The Youth Company, for students with a serious interest in theater, offers five weeks of intensive training with instruction from working Broadway artists. The rigorous training program includes daily rehearsals for a professionally produced production; master classes with artists from the Playhouse’s main stage; and outreach performances in the region.

“Shrek’ rehearsals, including a student orchestra, begin July 1, leading up to the staged production July 24-Aug. 3.

“Last summer, BCP’s Youth Company performed Cinderella for Young Audiences for more than 3,100 people on the Playhouse mainstage and in outreach performances at local libraries, museums and festivals,” according to the Playhouse website.

And, enrollment is currently open for GirlSpeak, an innovative program for teenage girls that runs for 12 weeks beginning in the fall. Girls meet twice a week to create an original theater piece that is performed for both the public and in tours to local high schools at the end of the session.

“GirlSpeak is a powerful experience for both the participants and the audience. We are hoping to develop a similar program for teenage boys as well,” Michaela said, thinking of possibilities for the future.

Playhouse education is not just for children and teenagers. The storytelling series “Word of Mouth, Real People, Real Stories,” featuring professional storytellers in themed evenings, storytelling workshops and community story slams are running through 2019.

“Word of Mouth” performances feature an evening of stories in Lambertville Hall’s intimate cabaret setting, told by storytellers from New York storytelling shows like The Moth, R!SK, and The Liar Show. The next Word of Mouth show “Excuses” is May 31. Tickets are on sale now.

There’s a chance for local storytellers at the Word of Mouth story slams, also at Lambertville Hall. The next story slam is Friday, May 10. Storytellers are asked to bring a 5-minute story on this month’s theme, “Parents” and put their name in the hat for a chance to slam their story onstage. Story signup begins at 6:30 p.m.

The Playhouse Institute, a new educational arm of the nonprofit Playhouse, will launch the first of a series of conferences for educators on May 18. The conferences bring middle school, high school and college teachers to the Playhouse to work with professional theater artists to enhance their skills in the classrooms or in creating student productions. The Playhouse recently received certification from the Pennsylvania Department of Education as an Act 48 provider for continuing education credits.

The Playhouse’s newest venture is a departure from its New Hope home-base – a public school residency. The program, Bounce, launches this fall, with Michaela and two teaching artists in residence in the Morrisville School District, Bucks County’s smallest district. Bounce begins with fourth grade students, and is designed to support the district’s social-emotional learning platform. Programming is planned to continue with succeeding grades annually through high school

Everyone involved with Bounce is thrilled by the enthusiasm and show of support, Michaela said. “In a few years, Morrisville will not only be able to mount a student production in their own school, they will also be able to join their neighboring communities and perform their show at our annual Student Theater Festival.”

Michaela is a writer, playwright, storyteller and teacher.
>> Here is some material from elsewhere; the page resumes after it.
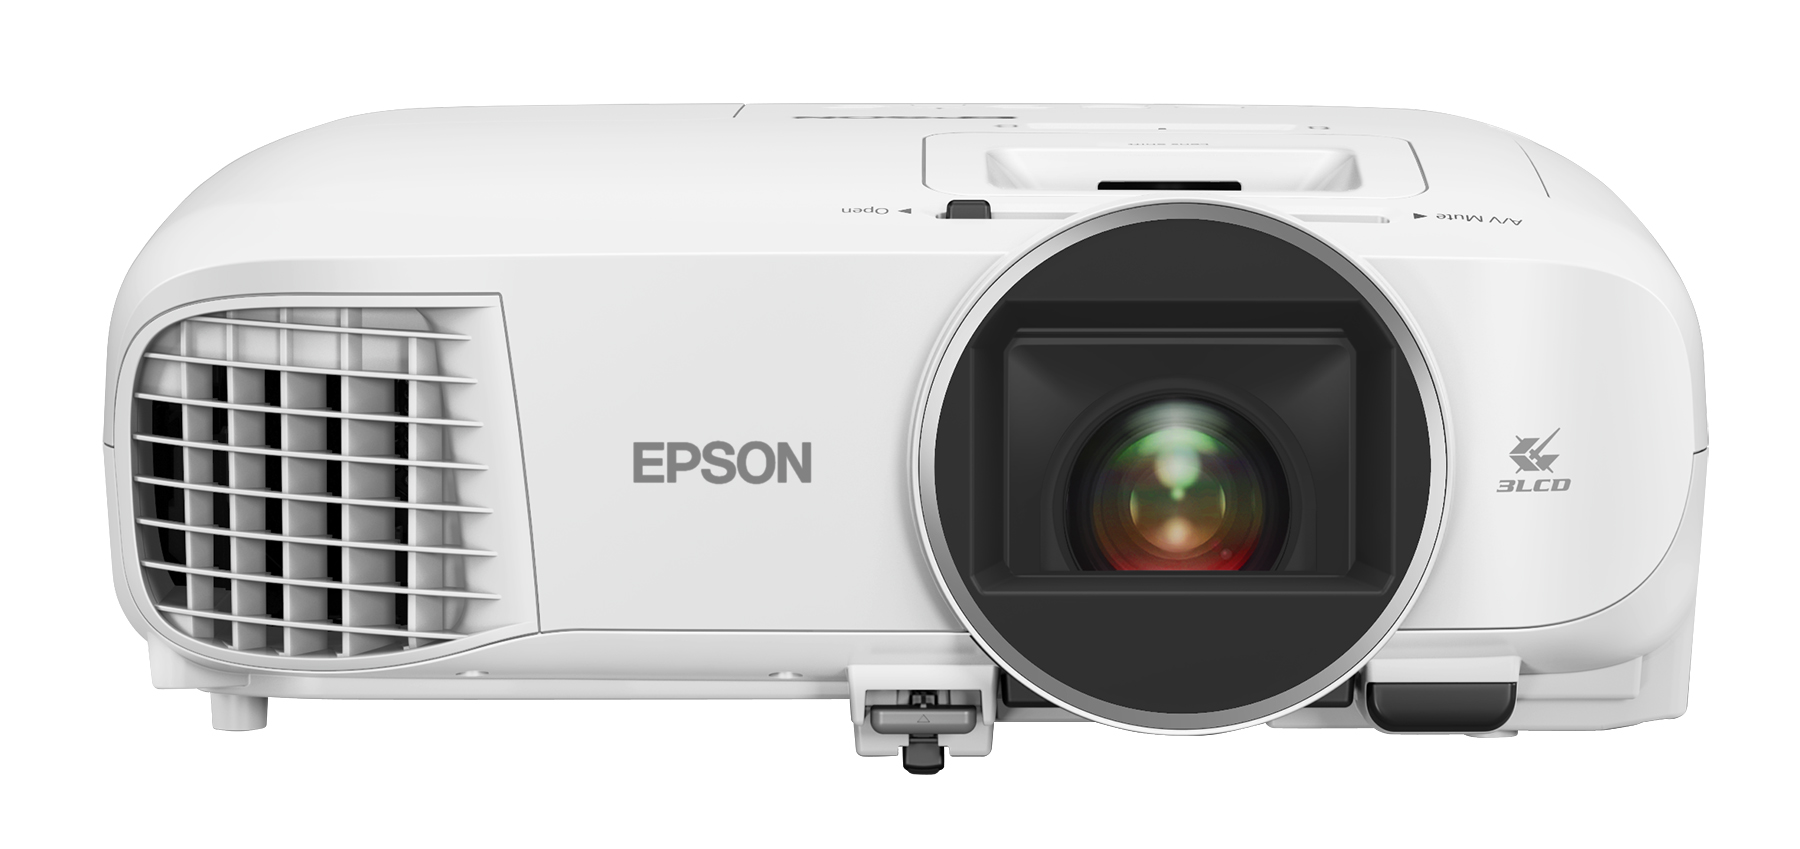 Epson Home Cinema Full HD, 1080p, 2,500 lumens color brightness (color light output), 2,500 lumens white brightness (white light output), 2x HDMI (1 MHL), 3LCD projector - image 1 of 6

Her stories have been featured on NPR, Second Stage Theater Off-Broadway, The Moth Mainstage, The Liar Show, RISK!, and TEDx, in the Clinton White House and in The New Yorker.

She most recently worked in Detroit, where she was a co-founder of “L!FE: Leadership Fueled by Entrepreneur–ism,” an education platform for high school students.

Ambitious plans are ahead for education at the Playhouse. An enthusiastic leader, Michaela is well-prepared to meet the challenge.

It’s amazing what can be done with outreach.